*** Source material ***

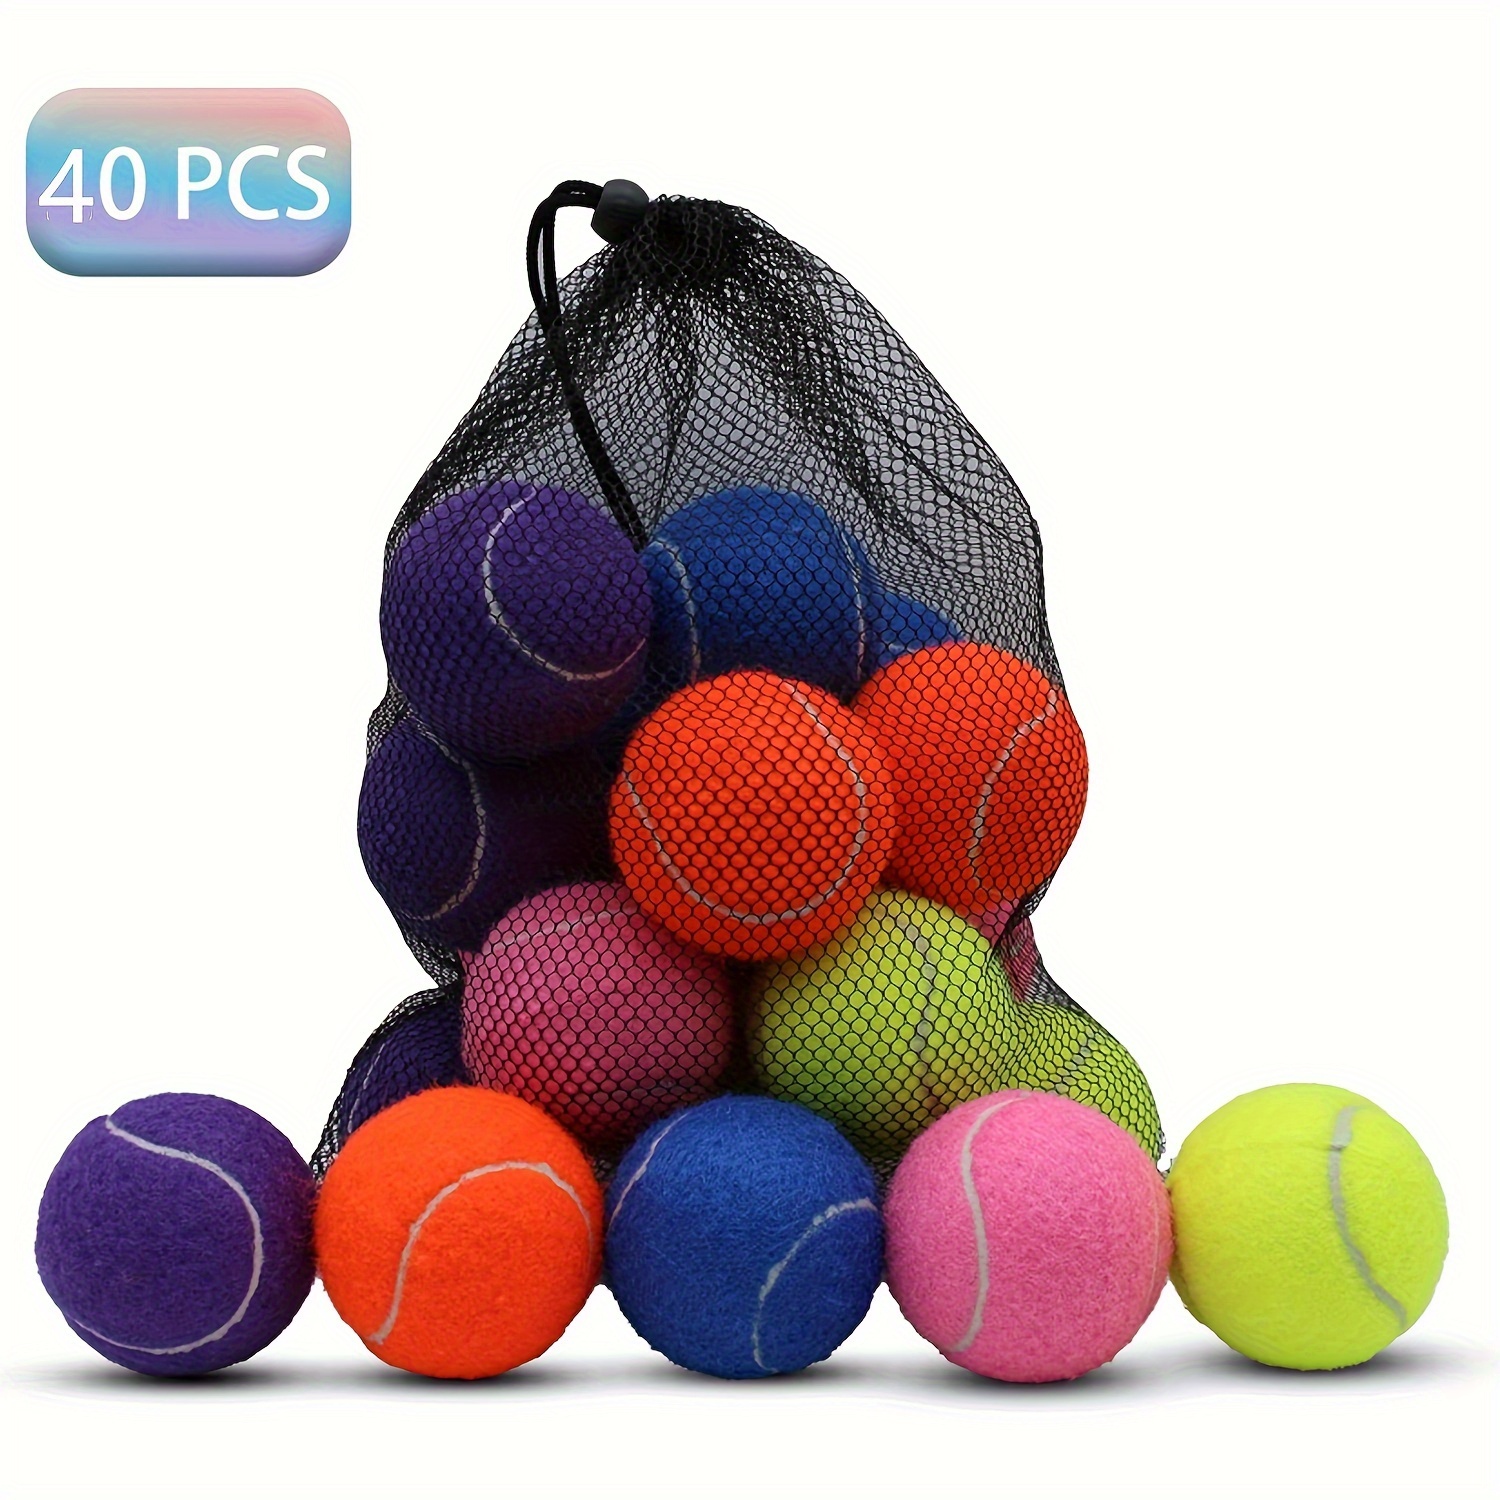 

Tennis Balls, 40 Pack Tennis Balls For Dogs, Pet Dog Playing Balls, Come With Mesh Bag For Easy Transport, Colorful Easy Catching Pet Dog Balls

*** End of Source material ***
*** Source material ***

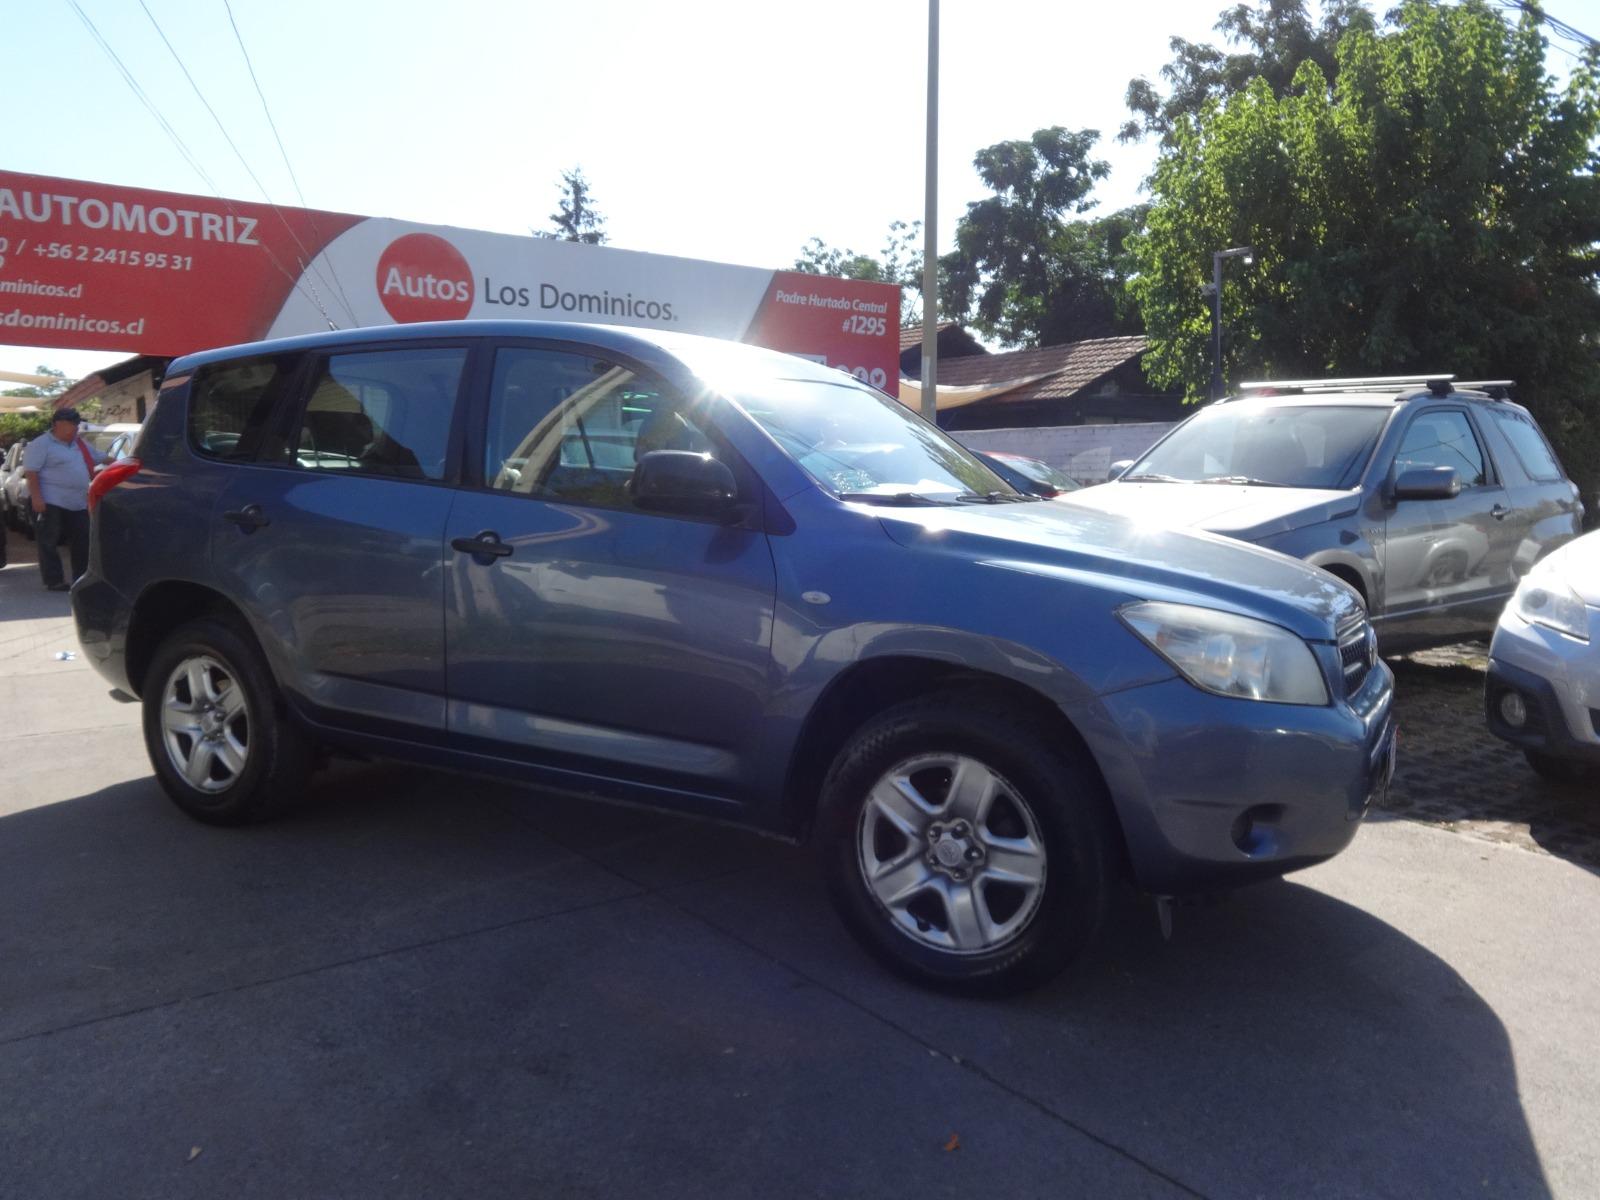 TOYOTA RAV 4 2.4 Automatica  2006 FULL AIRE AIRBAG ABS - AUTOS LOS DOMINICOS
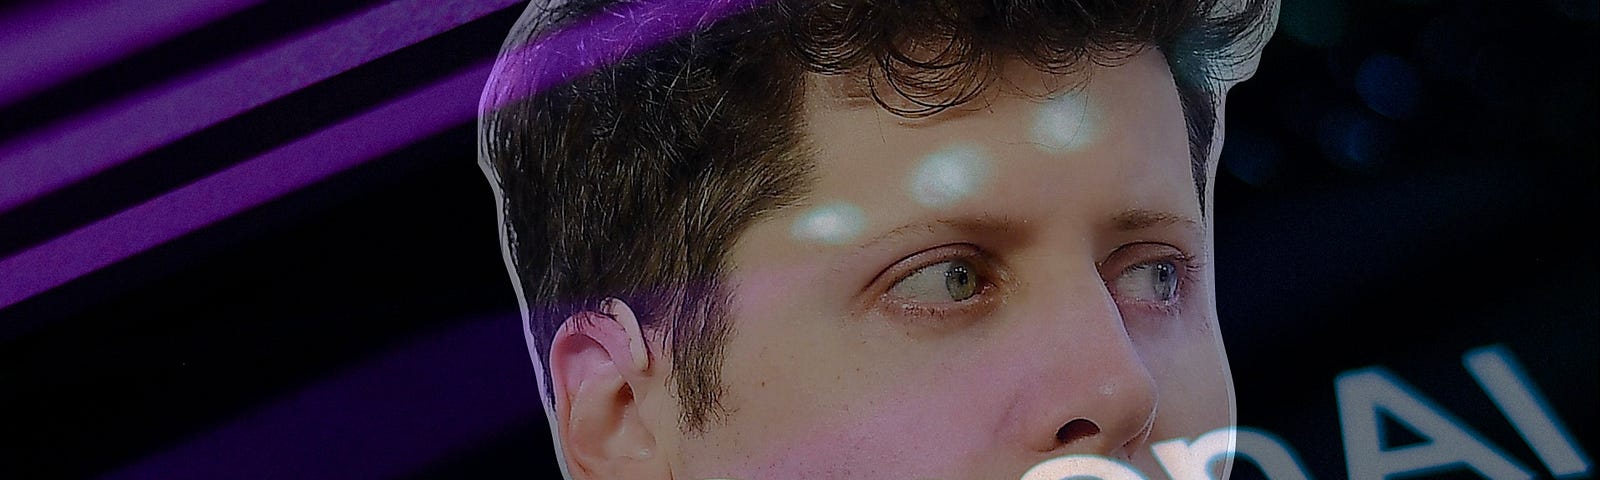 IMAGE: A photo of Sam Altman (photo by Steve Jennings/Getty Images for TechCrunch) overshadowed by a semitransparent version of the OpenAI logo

*** End of Source material ***

### What this task involves
Within the listing above, print exactly the stretch beginning at the line that contains "TOYOTA RAV 4" and finishing at the line that contains "IMAGE: A photo", ends kept, pictures left out, and nothing more.

### Output of the exercise
 TOYOTA RAV 4 2.4 Automatica  2006 FULL AIRE AIRBAG ABS - AUTOS LOS DOMINICOS
 IMAGE: A photo of Sam Altman (photo by Steve Jennings/Getty Images for TechCrunch) overshadowed by a semitransparent version of the OpenAI logo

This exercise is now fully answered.